Collected material:
[Start of section]
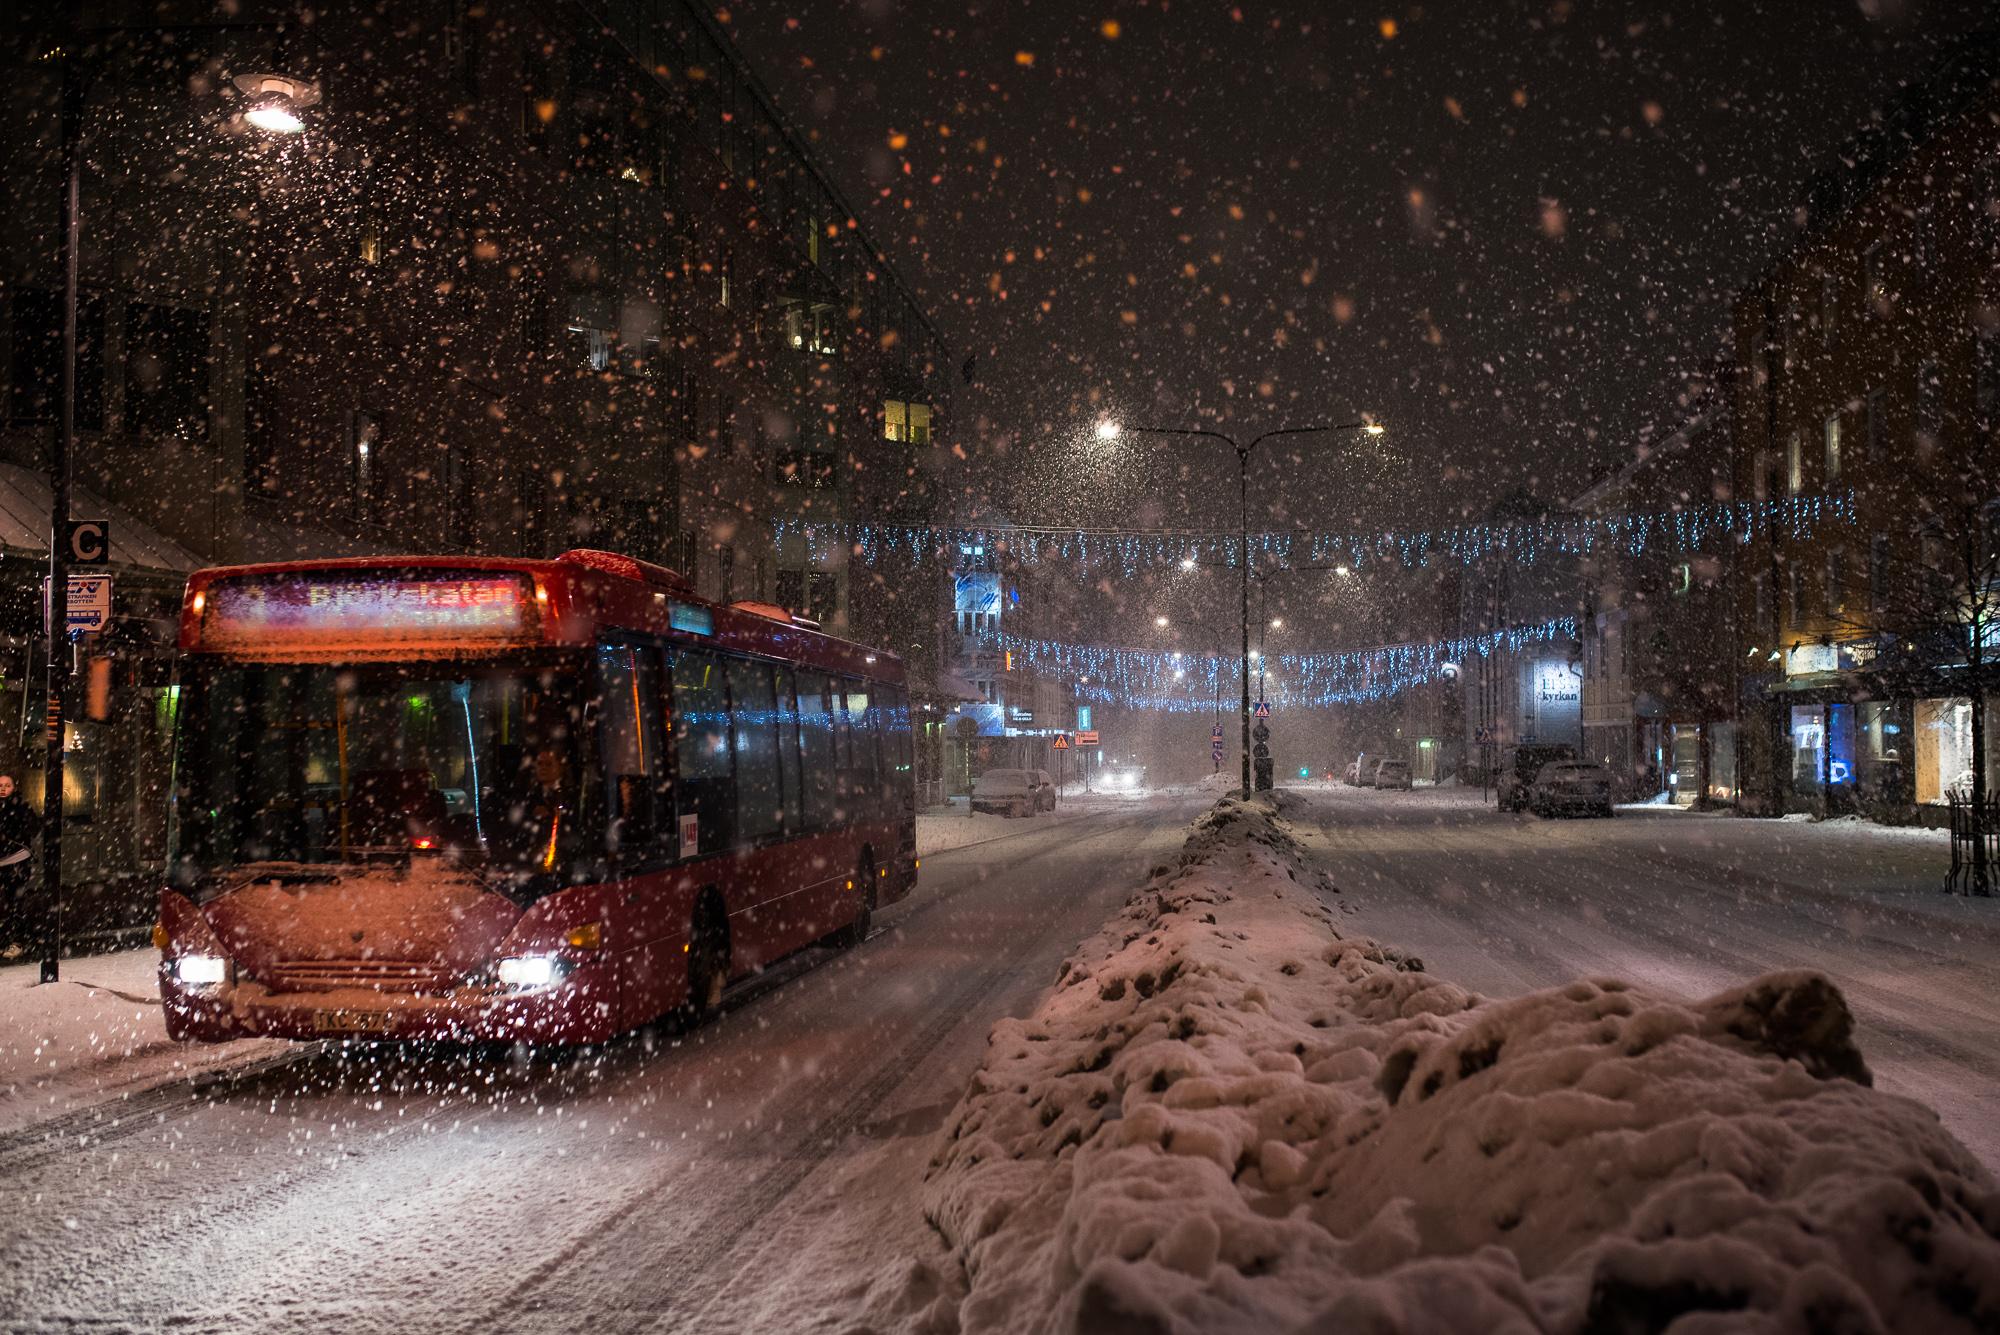 Nästintill ilsket snöfall i luleå
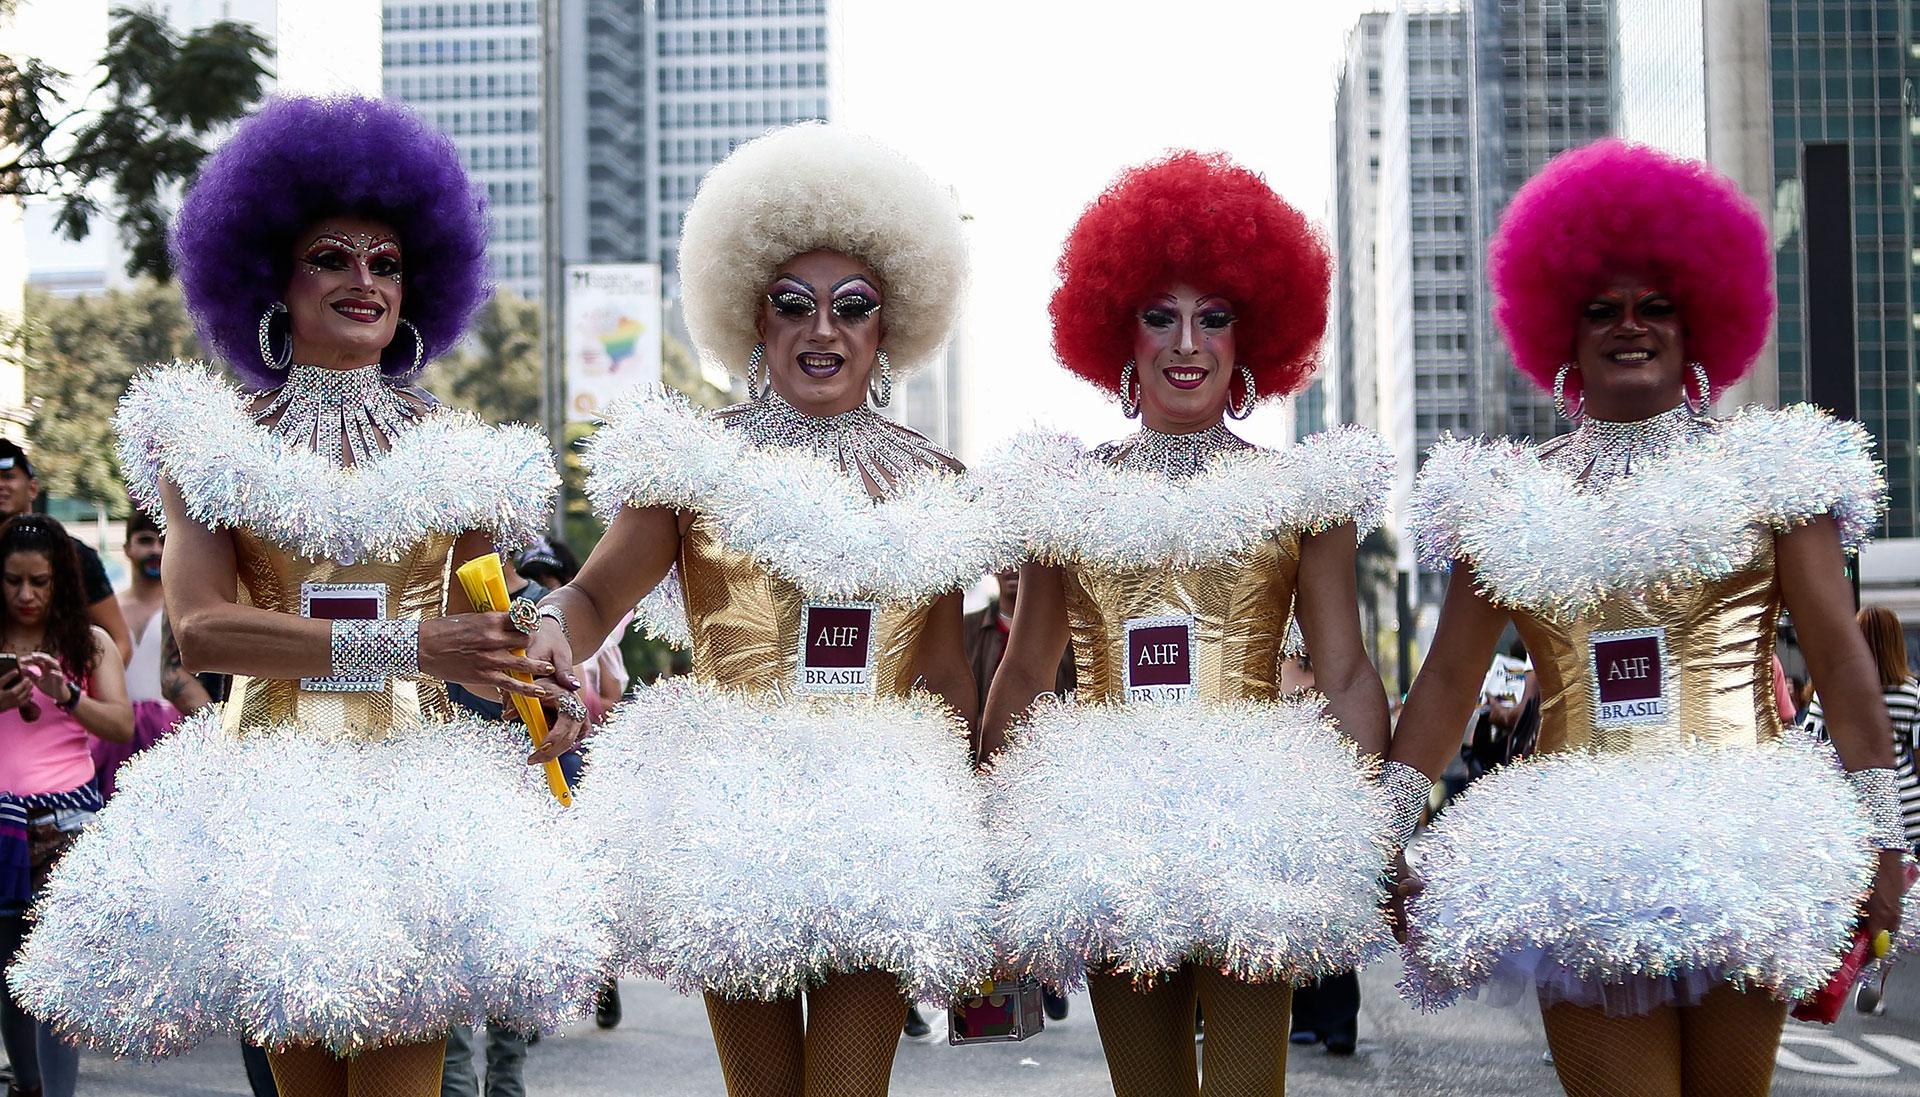 Colorido, atrevido y provocador, el desfile del orgullo gay moviliza además mucho dinero cada fin de semana de Corpus Christi en San Pablo
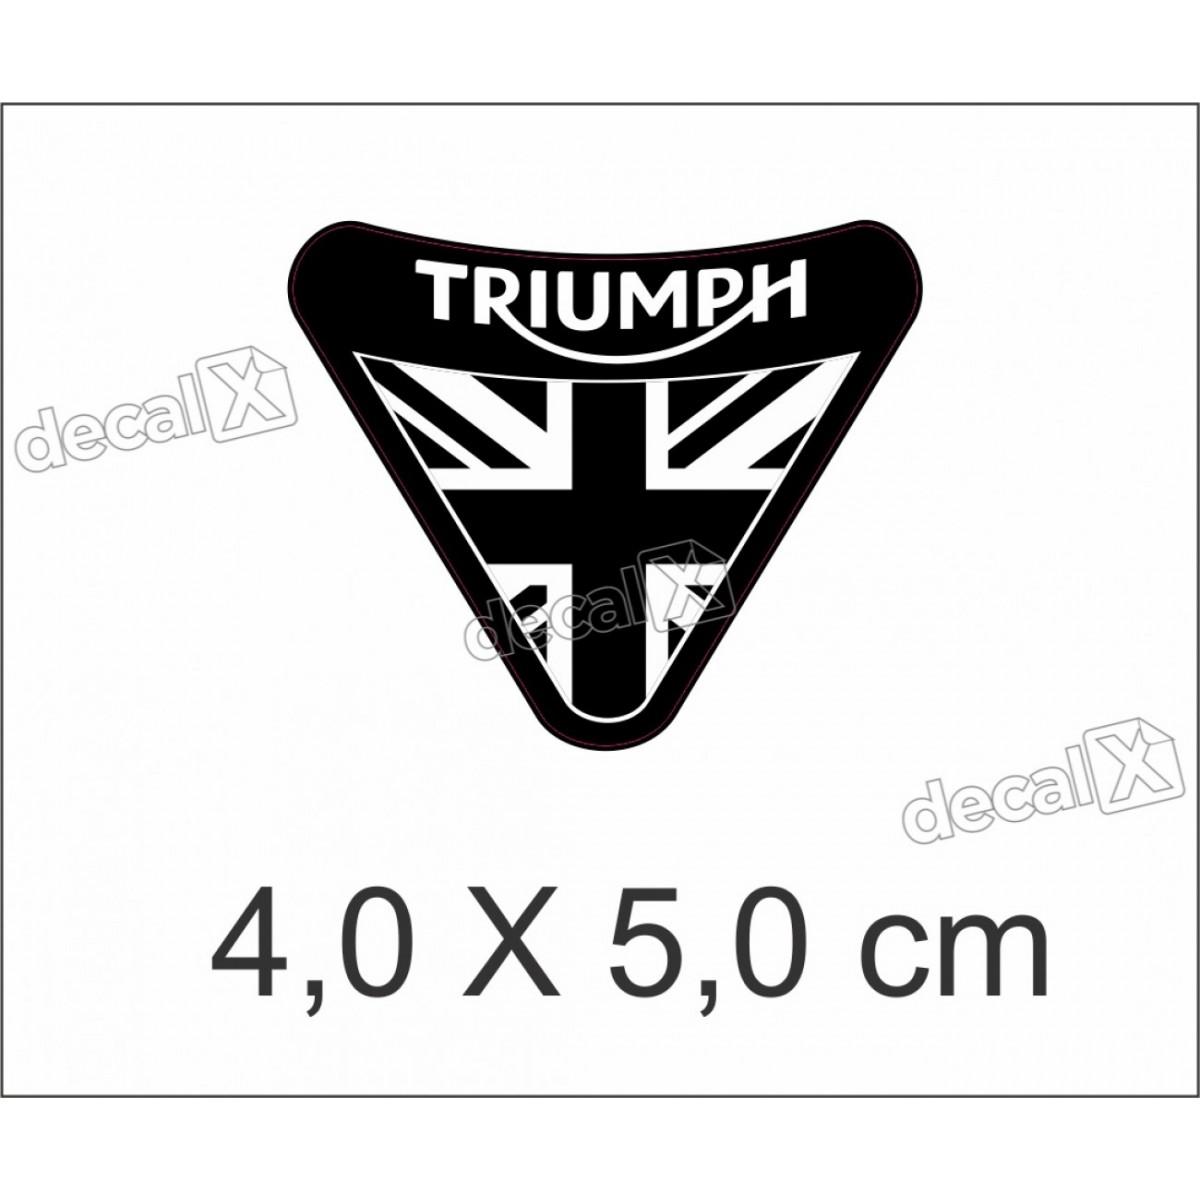 Adesivo Escudo Triumph Resinado 4x5 Cm Preto Decalx
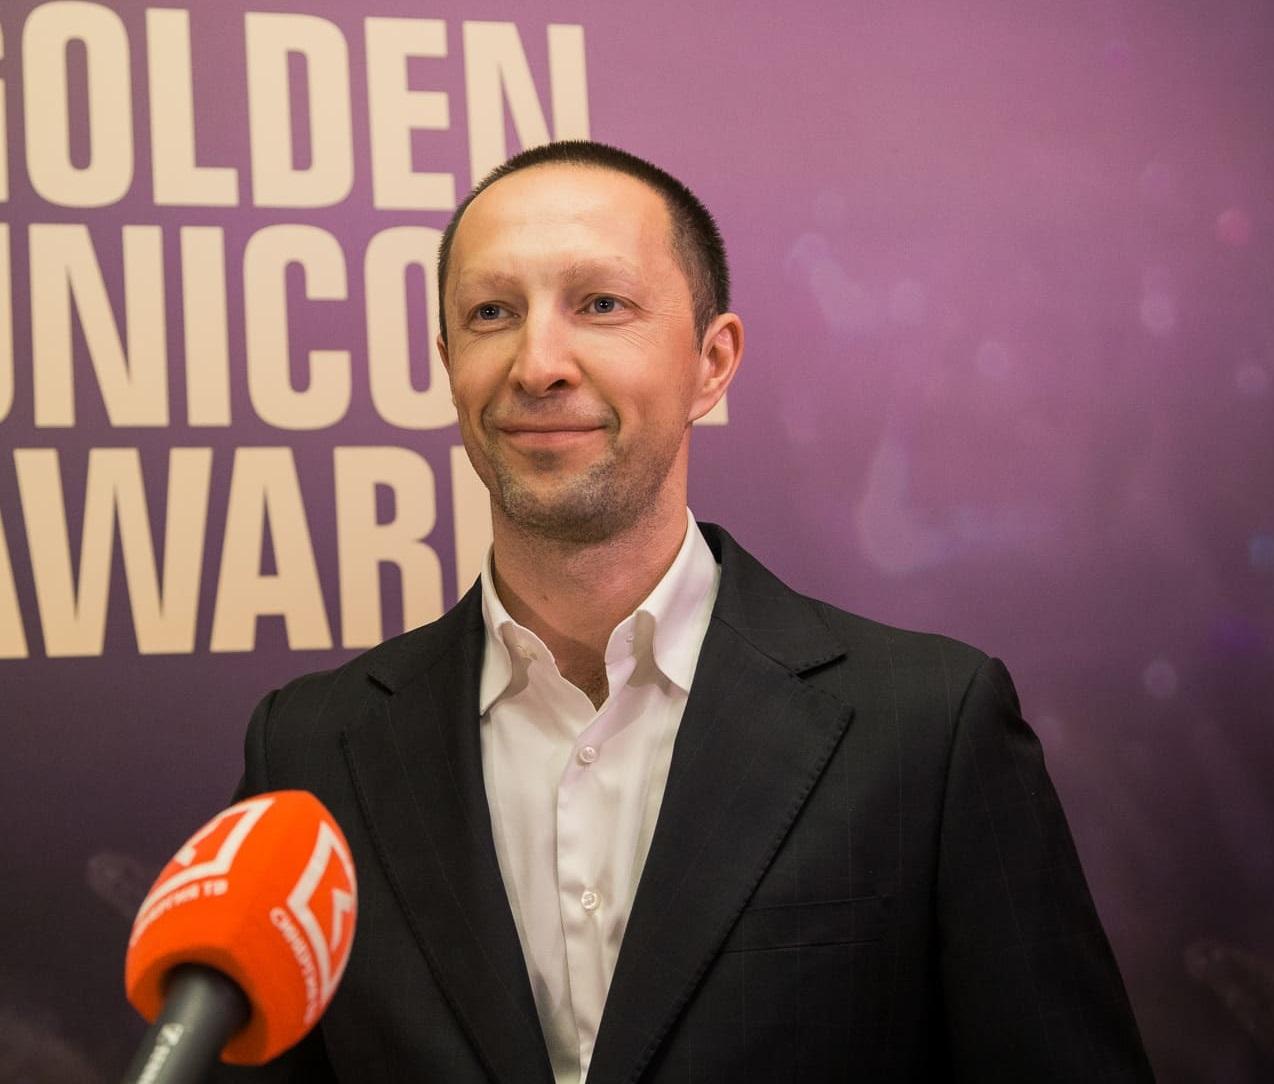 Вадим Лобов на церемонии награждения The Golden Unicorn Award
[End of section]
Problem description: Write out the whole listing verbatim, images excluded.

Final answer:
 Nästintill ilsket snöfall i luleå
 Colorido, atrevido y provocador, el desfile del orgullo gay moviliza además mucho dinero cada fin de semana de Corpus Christi en San Pablo
 Adesivo Escudo Triumph Resinado 4x5 Cm Preto Decalx
 Вадим Лобов на церемонии награждения The Golden Unicorn Award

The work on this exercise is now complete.